This is the result of a programming project in university.
the approach is taken from a paper that can be found here. http://www.lrec-conf.org/proceedings/lrec2006/pdf/242_pdf.pdf
The aim is to compute a score for a pair of words that expresses their similarity in meaning. For a pair like cat - tiger the score should be rather high, meaning that these two words describe similar concepts, whereas for a pair like cat - car the score should be quite low.
The score is computed automatically, leveraging the statistical analysis of large collections of written text.
The hypothesis behind the score is, that words similar in meaning also have similar contexts. the contexts are the words that stand before after their occurences in written text. Thats why a large collection of text is needed, to find occurences of target words and look at their contexts.

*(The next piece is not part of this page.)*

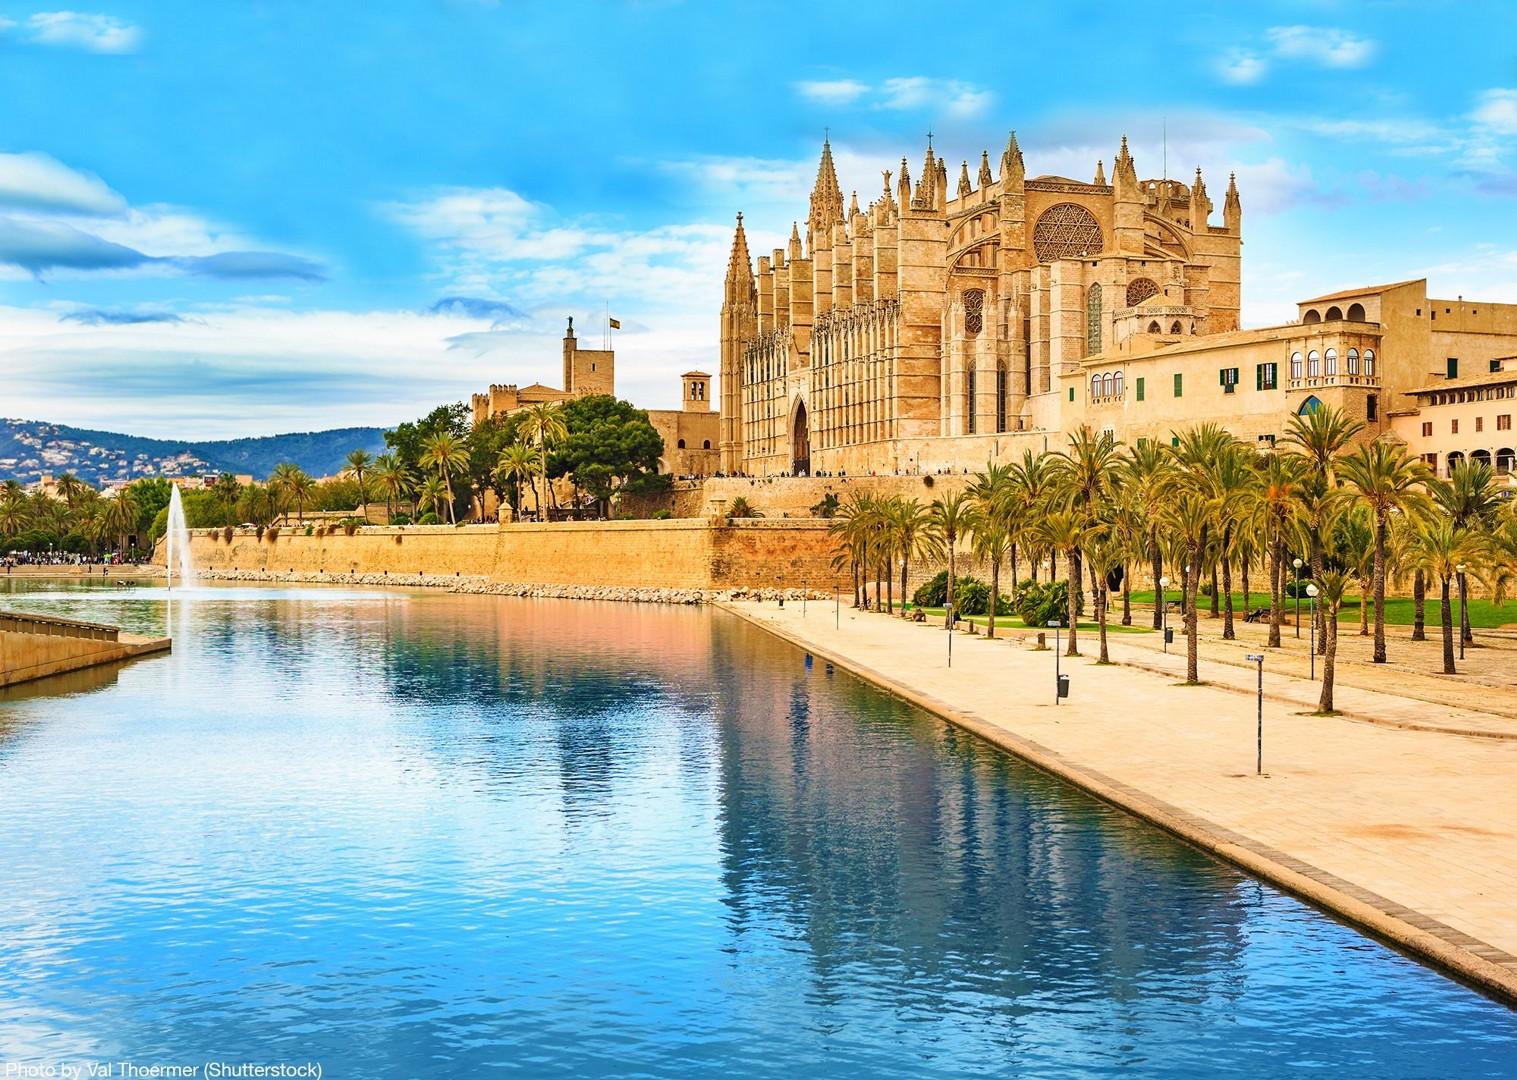 catedral-basílica-de-santa-maría-de-mallorca-self-guided-cycling-tour.jpg - Spain - Mallorca - Self-Guided Leisure Cycling Holiday - Leisure Cycling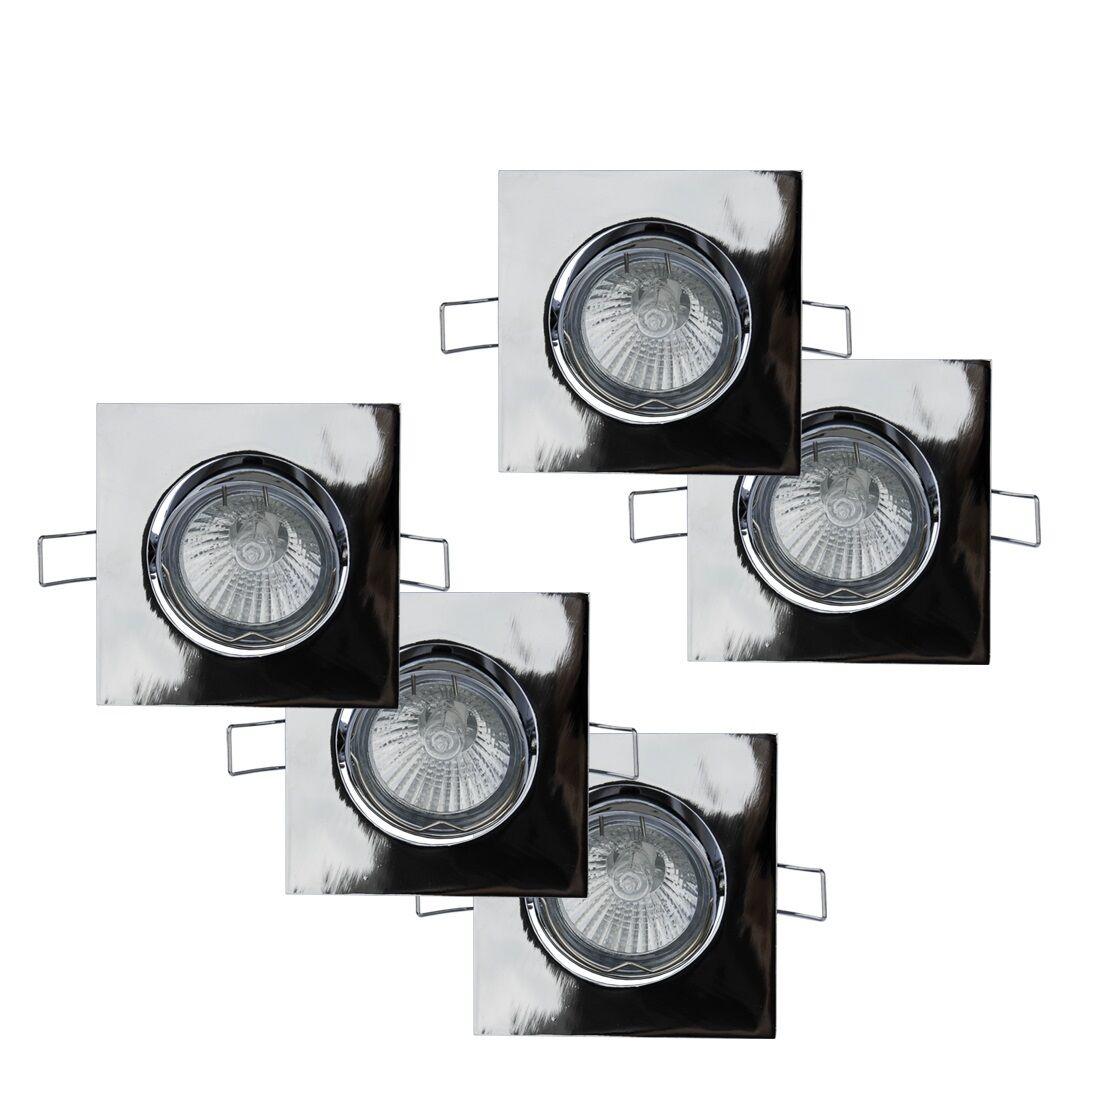 Einbaustrahler, schwenkbar, GU10, Metallgehäuse Chrom glänzend, 230V, Einbauspot       | Leicht zu reinigende Oberfläche  | Deutschland Shops  | Modern Und Elegant In Der Mode  0120bd

To the data collected from these contexts, the two measures PMI-Pointwise mutual information and SOC-PMI - Second Order Cooccurence PMI are applied to compute the similarity score for a pair of words.
For the programming project the approach from the paper was implemented. Furthermore it was ported to the new domain of Flickr Photo Tags. This mainly consisted in implementing data collection on Flickr and storage.
The project was developed and used as a whole and though i tried to implement the classes in a way that some can be used individually, testing that is planned for future.
The Flickr data collector uses the flickrapi-1.2 http://sourceforge.net/projects/flickrj/files/
The reader classes for the OANC corpus uses the commons-compress libraries http://commons.apache.org/proper/commons-compress/
the OANC can be found here http://www.americannationalcorpus.org/OANC/index.html
It turned out that it is too small for the purposes at hand, so the BNC corpus was put in use. Sadly the BNC corpus is not available for free.
the javadoc is in the doc directory